Prices for Brent crude tumbled as much as 5.8% over the course of the day. At the moment, Brent crude is trading for around $71,5 per barrel, while West Texas Intermediate (WTI) futures settled down to $68.3 by the end of Monday.

Analysts are already saying that this is a reflexive reaction to the continued spread of new Omicron cases. In particular, investors are paranoid that further lockdowns might be on the way from governments, something that would spell disaster for oil demand. We’ve already seen Israel and Ireland announce lockdowns, with others likely soon to follow. The U.K. recently said that it wouldn’t rule out lockdowns before Christmas.

Additionally, U.S. officials are once again urging Americans to get vaccinated. Supposedly as much as 72% of new Covid cases in America are due to the Omicron variant.

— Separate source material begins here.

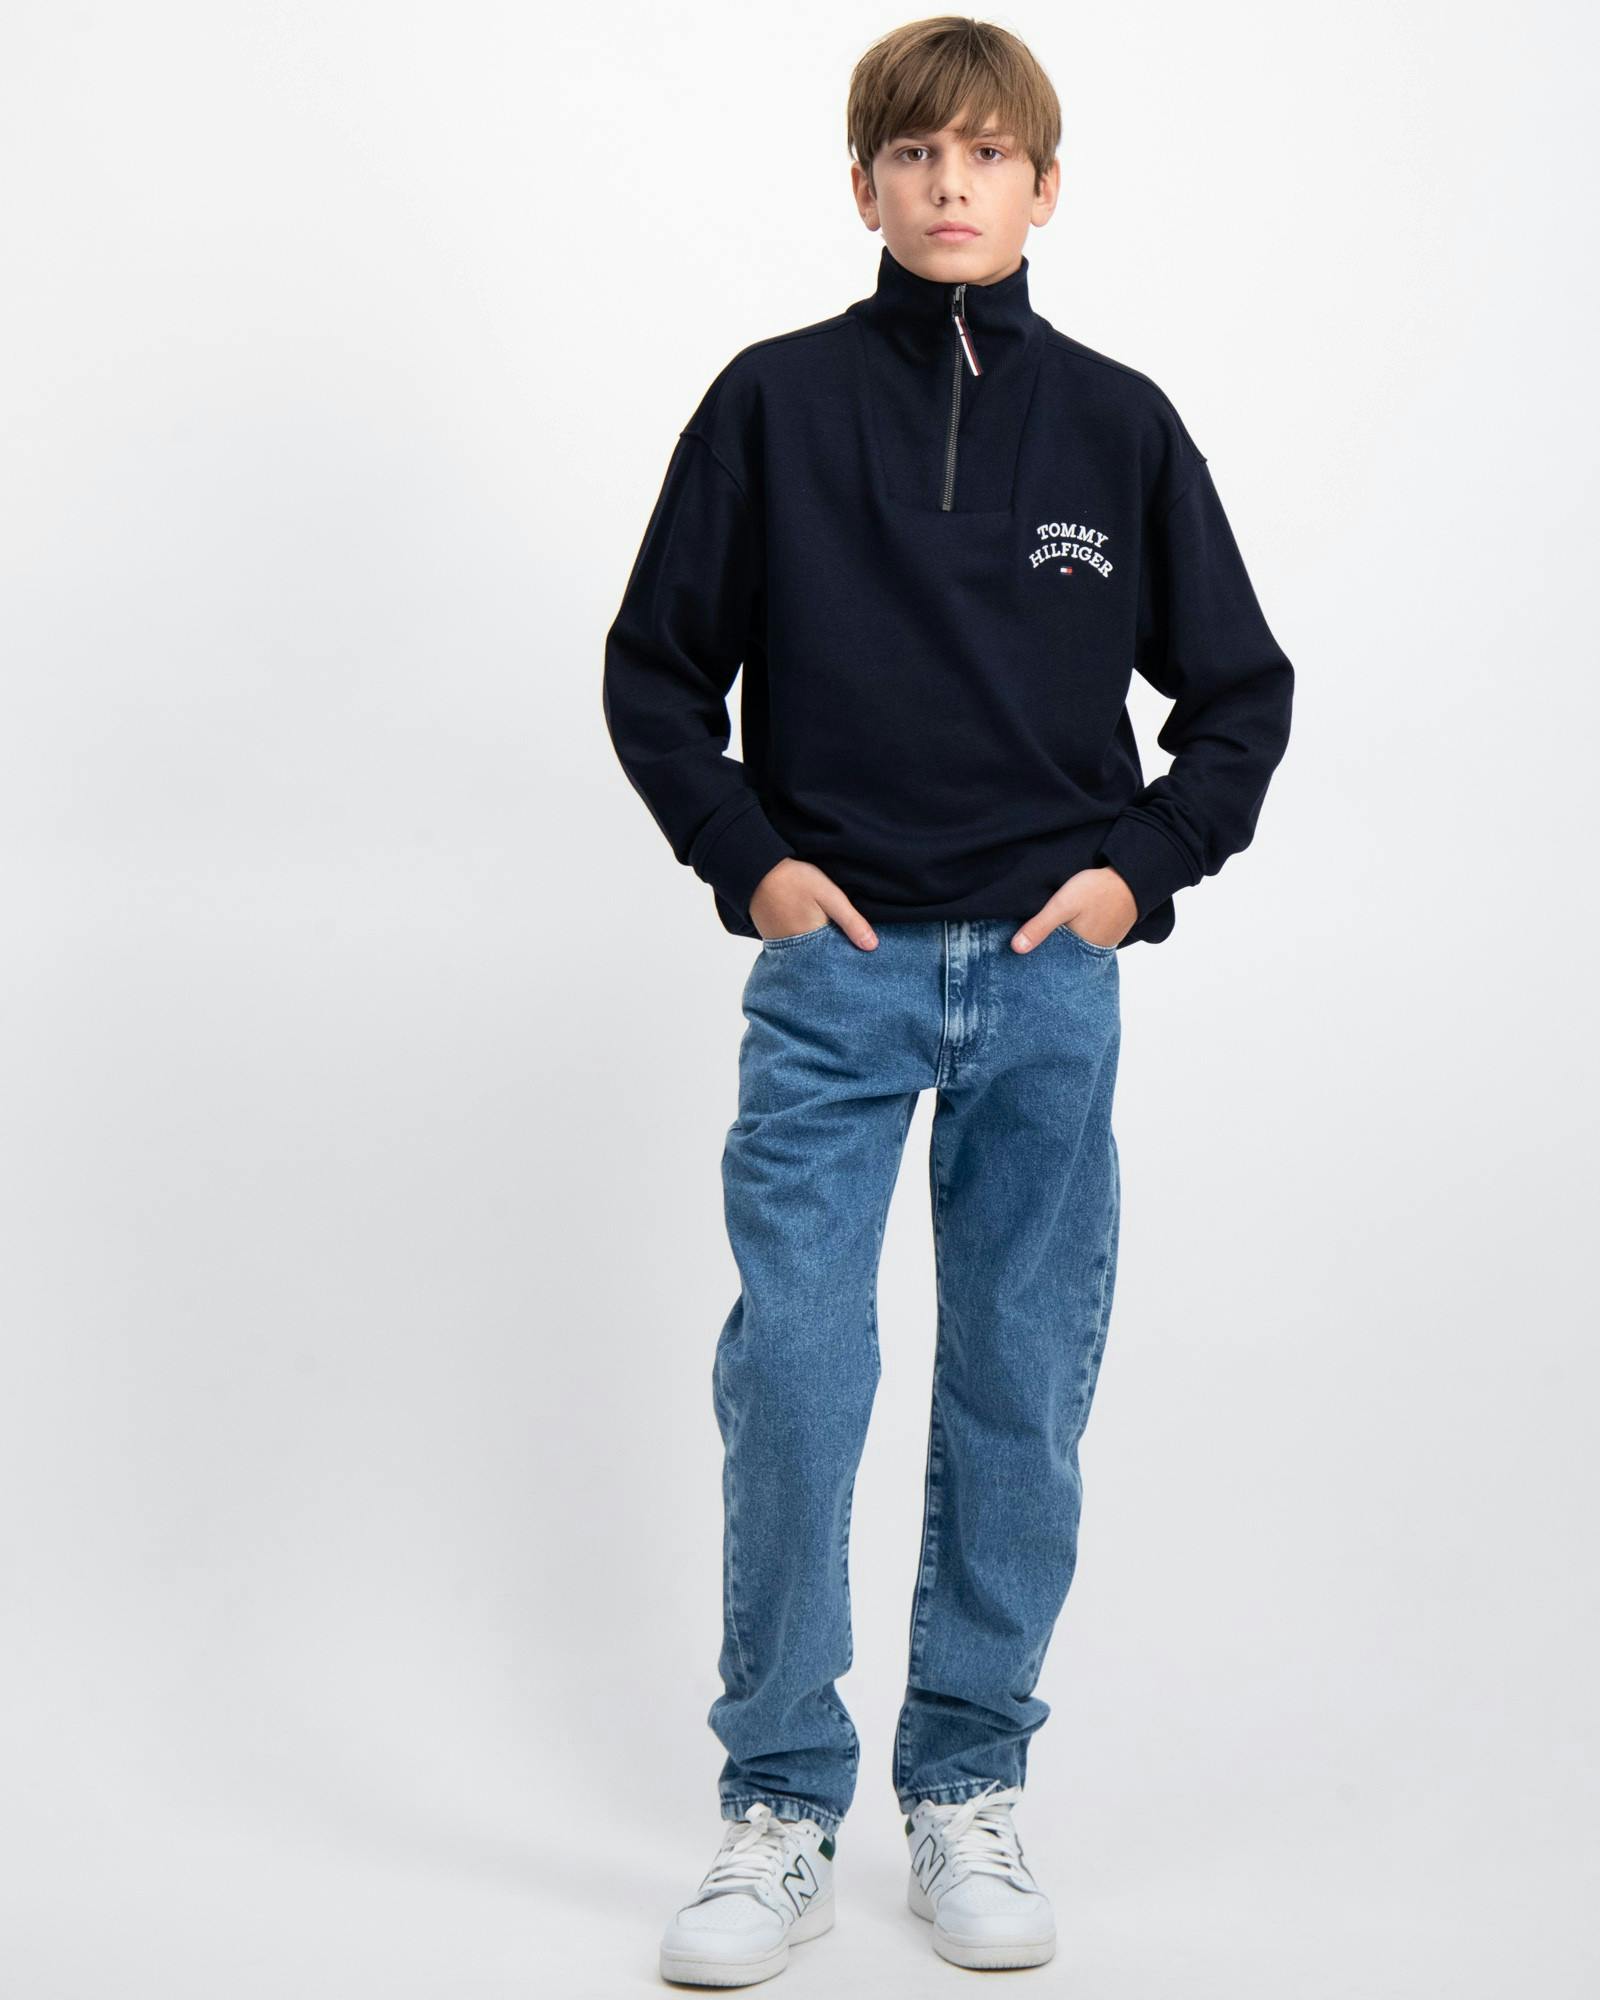 Tommy Hilfiger Jeans und für Brand | Jugendliche Kids Kinder Store

This is a knee-jerk reaction to the proliferation of the virus and the fear that lockdowns can rapidly spread,” said Lipow Oil analyst Andrew Lipow on Monday.

At the same time, traders reacted to a few other developments regarding the energy sector. In Libya, oil output has been stalled as militant groups forced shutdowns in the country’s two top oil fields. Much of these tensions have to do with the scheduled Libyan Presidential elections, which are expected to take place later this month. In total, over 300,000 barrels per day of exports have been halted because of this.

Additionally, Russia also plans to lower oil exports for Q1 2022, despite OPEC’s original plans to raise oil output. The country now expects to export two million tons of oil less than it did in the previous quarter. While that’s not a massive difference, it still goes to show that some countries are worried about the potential of oil prices collapsing.

Both of these announcements would normally have a bullish effect on prices, as lowering supply so often does. However, the prospect of worldwide lockdowns and travel restrictions would lead to demand for oil collapsing, as it did last year when prices went into the negative for the first time in history.

Current oil demand is sitting at around 99 million barrels per day, according to the International Energy Agency (IEA). That’s around two million barrels less than its pre-pandemic level. Just a couple of months ago, energy analysts were predicting prices would return to over $100 per barrel. Now that no longer seems the case.

Shares of most oil companies were in the red yesterday following the massive selloff seen in crude. Some of the largest energy companies and oil producers, like Occidental Petroleum (NYSE: OXY) and Diamondback Energy (NASDAQ: FANG), were both down around 3.3%.